• **The problem**: Everything from the line containing "Arrows Choice Showing" through the line containing "Lizenzfreie Cartoons &" should be repeated exactly, and nothing else from the data.

• **Task data**:
<<<<

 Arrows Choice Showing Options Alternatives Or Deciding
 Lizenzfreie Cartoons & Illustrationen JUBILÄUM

>>>>
<<<<

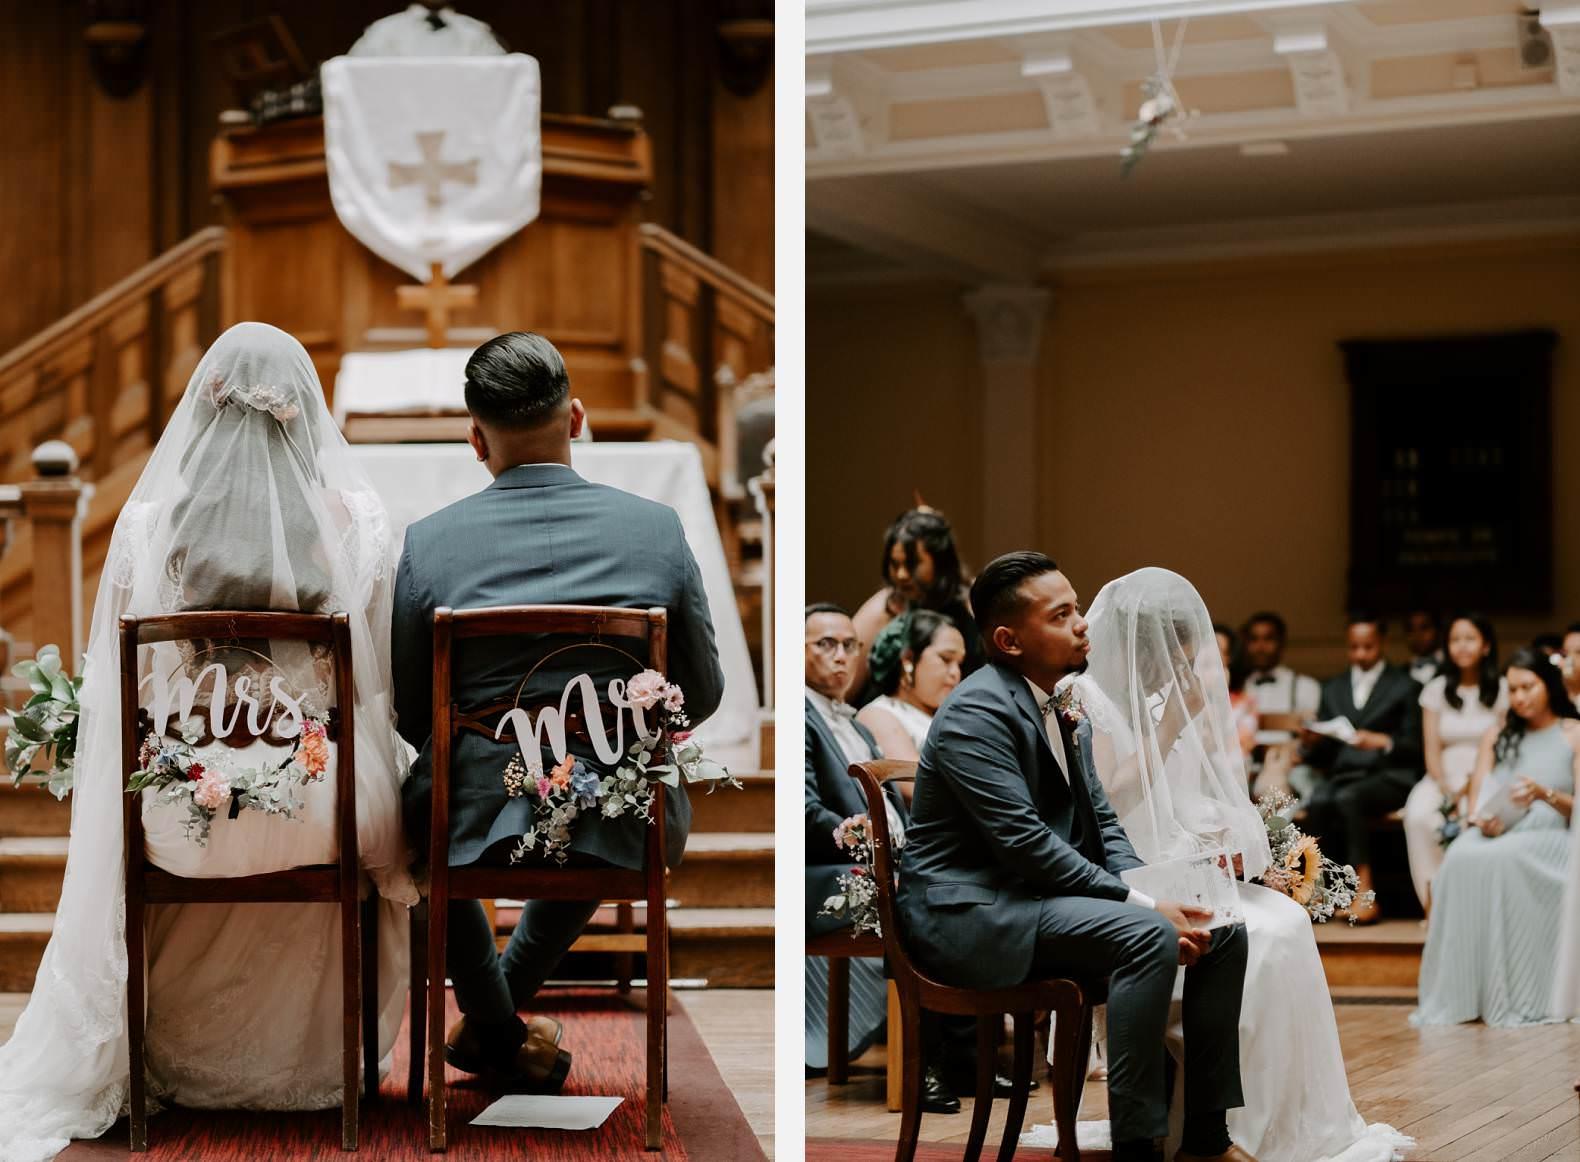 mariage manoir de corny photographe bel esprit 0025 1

>>>>

• **Task result**:
 Arrows Choice Showing Options Alternatives Or Deciding
 Lizenzfreie Cartoons & Illustrationen JUBILÄUM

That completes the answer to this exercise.